Information shown:
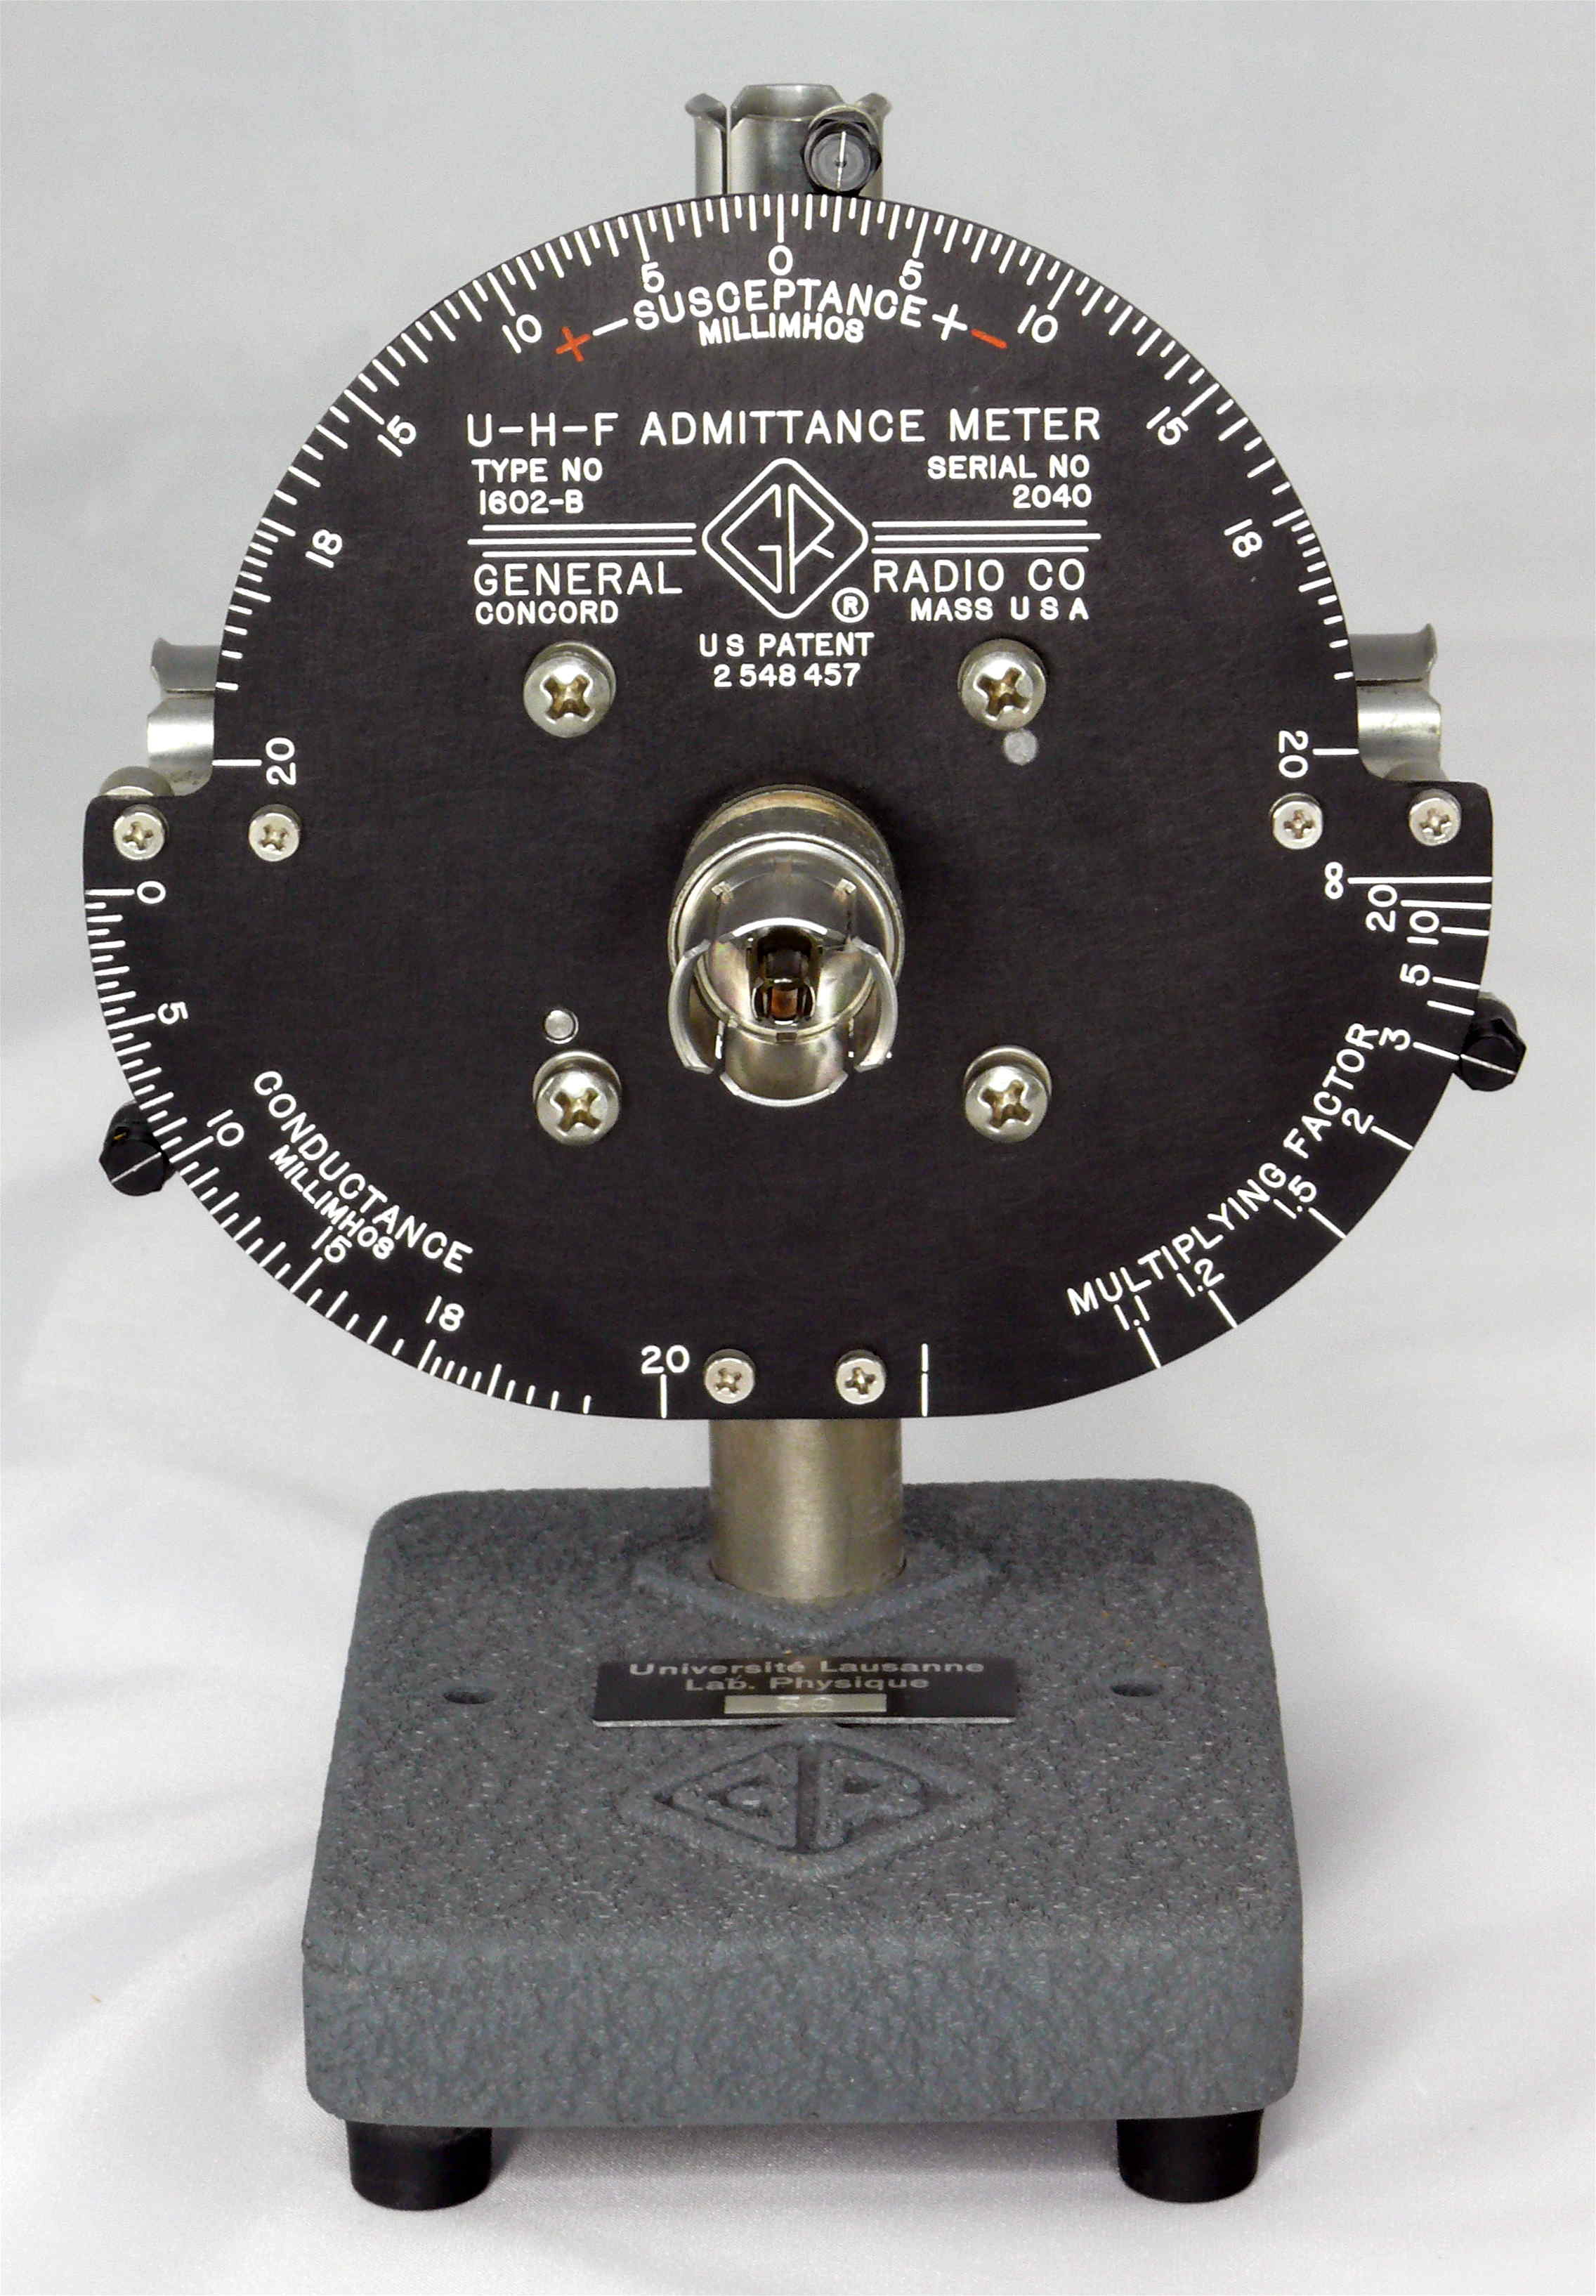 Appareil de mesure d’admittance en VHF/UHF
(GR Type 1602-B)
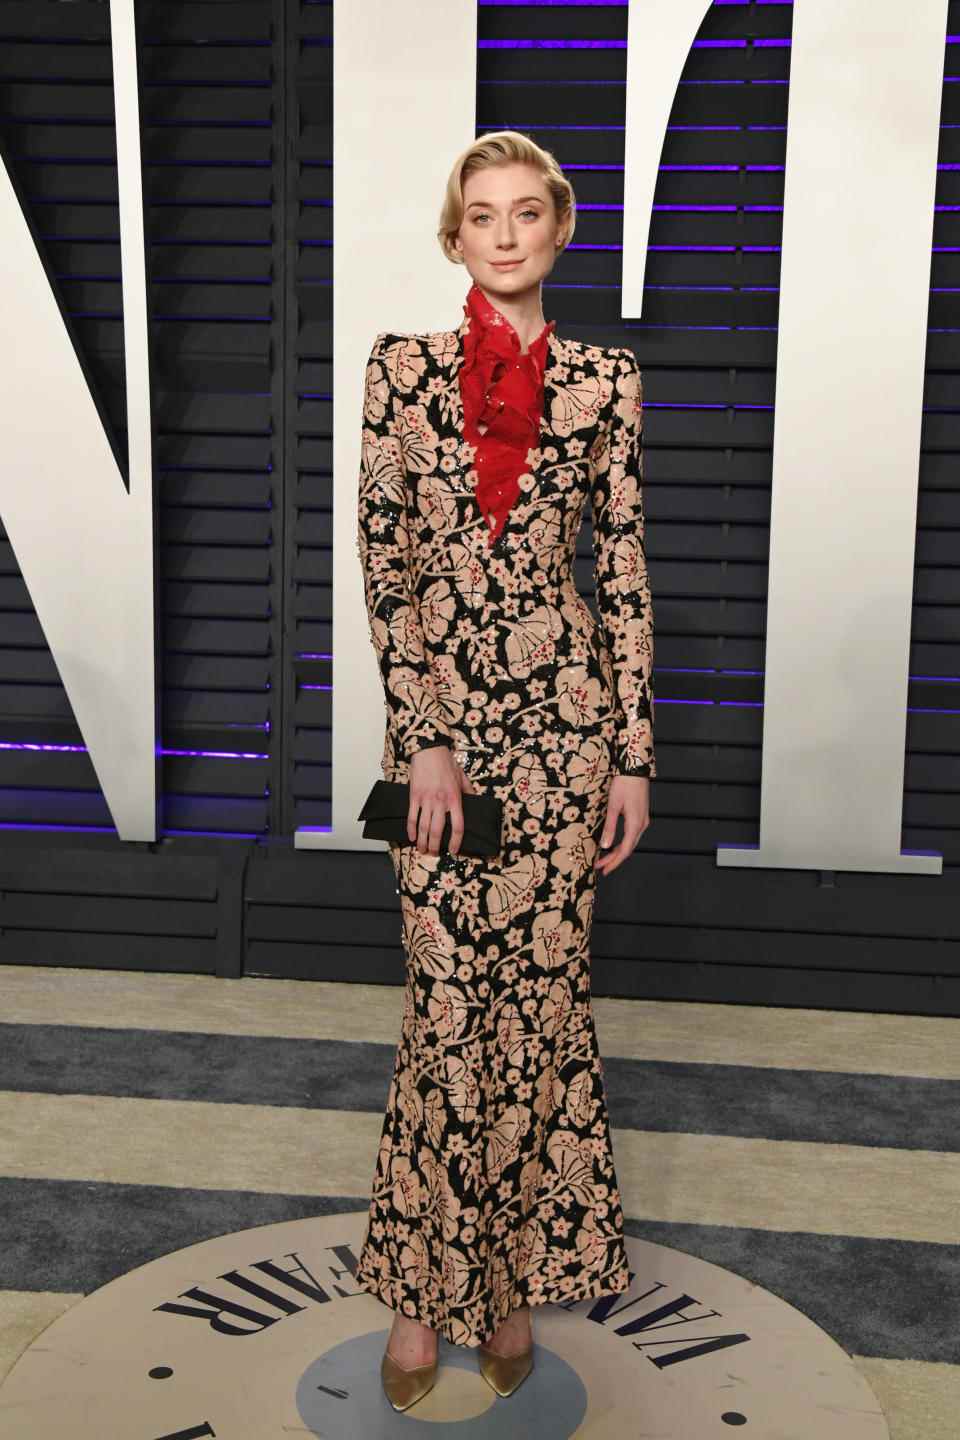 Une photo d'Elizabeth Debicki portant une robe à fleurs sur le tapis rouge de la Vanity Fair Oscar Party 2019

Exercise: This task calls for restating, word for word, each line from the line holding "(GR Type 1602-B)" through the end of the material, pictures left out.

Exercise result:
(GR Type 1602-B)
 Une photo d'Elizabeth Debicki portant une robe à fleurs sur le tapis rouge de la Vanity Fair Oscar Party 2019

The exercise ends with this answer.